Having known that handleInvalidToken is called for unauthenticated user, we can proceed with the second rule: When unauthenticated user tries to access / page, we should redirect them to /login


Because there is no other condition to meet, we just return the result of redirectToLogin which can be simplified to NextResponse.redirect(new URL(“/login”)) . It also makes sure user does not fall into redirect loop.


Lastly,

handleError: async (error) => {
 console.error('Unhandled authentication error', {error});
      
 return redirectToLogin(request, {
   path: '/login',
   publicPaths: PUBLIC_PATHS
 });
}


Contrary to handleInvalidToken , handleError is called when something unexpected* happens and possibly needs to be investigated.
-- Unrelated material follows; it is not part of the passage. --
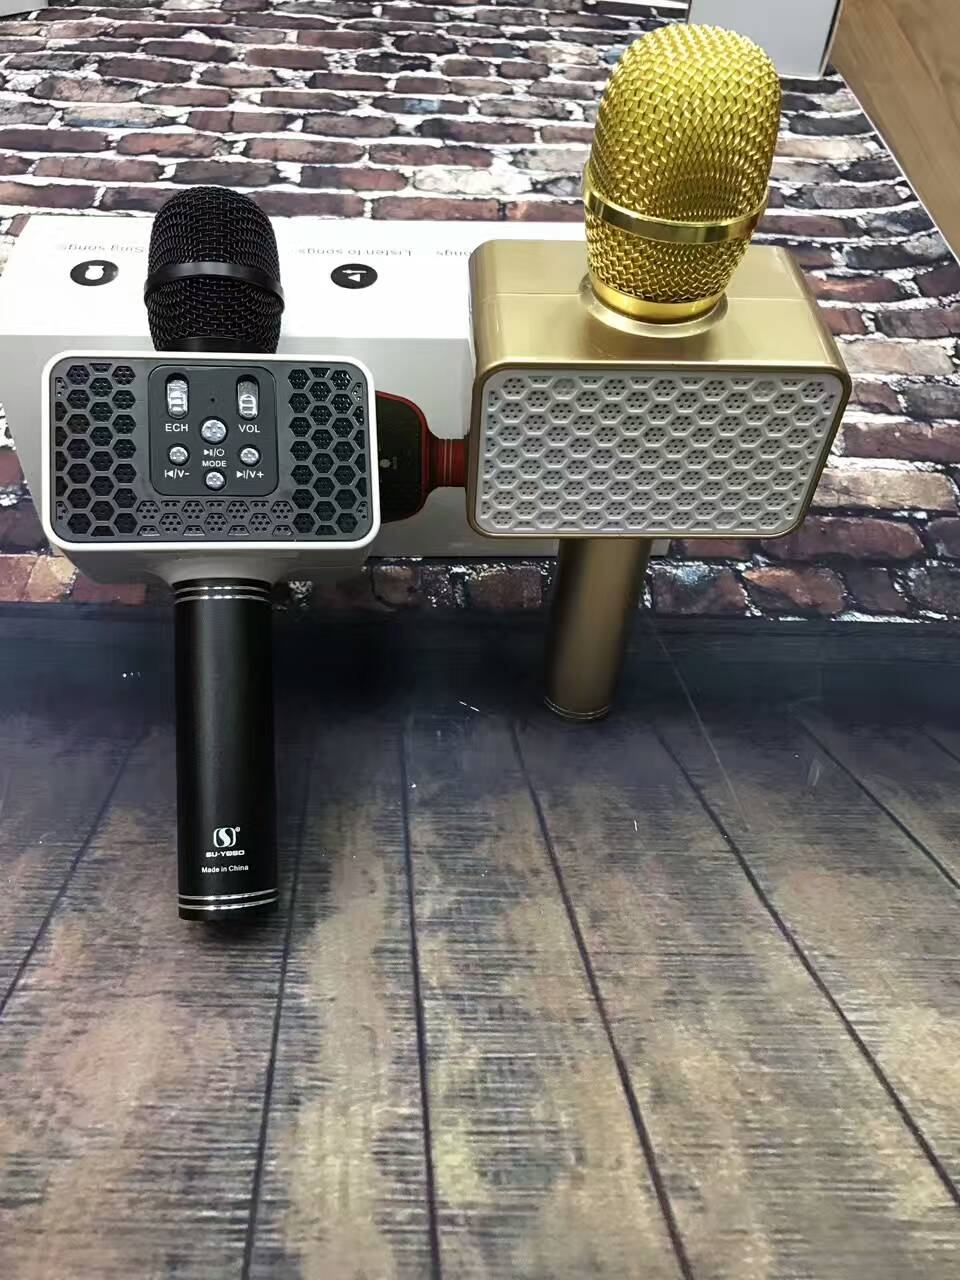 Micro karaoke 3 in 1 : Q7-Q9-YS10-83-84-85 giá sỉ !! - 8

You can find a list of possible errors with their description in the documentation


In case of an error, we log this fact and safely redirect user to the login page


*handleError can be called with INVALID_ARGUMENT error after Google public keys are updated.

This is a form of key rotation and is expected. See this Github issue for more info


Now, that’s it. Finally.


Let’s log-out from our web app and open http://localhost:3000/. We should be redirected to /login page.

Let’s log in again, and try to enter http://localhost:3000/login. We should be redirected to / page.


Not only we provided seamless user experience. next-firebase-auth-edge is zero-bundle size library that’s working only in the App’s server and does not introduce additional client-side code. The resulting bundle is truly minimal. That is what I call perfect.


Our app is now fully integrated with Firebase Authentication both in Server and Client components. We are ready to unleash the full potential of Next.js!




The app’s source code can be found in next-firebase-auth-edge/examples/next-typescript-minimal


Epilogue

In this guide, we’ve went through integrating new Next.js app with Firebase Authentication.


Although quite extensive, the article omitted some important parts of the authentication flow, such as password reset form or sign in methods other than email and password.


If you’re interested in the library, you can preview full-fledged next-firebase-auth-edge starter demo page.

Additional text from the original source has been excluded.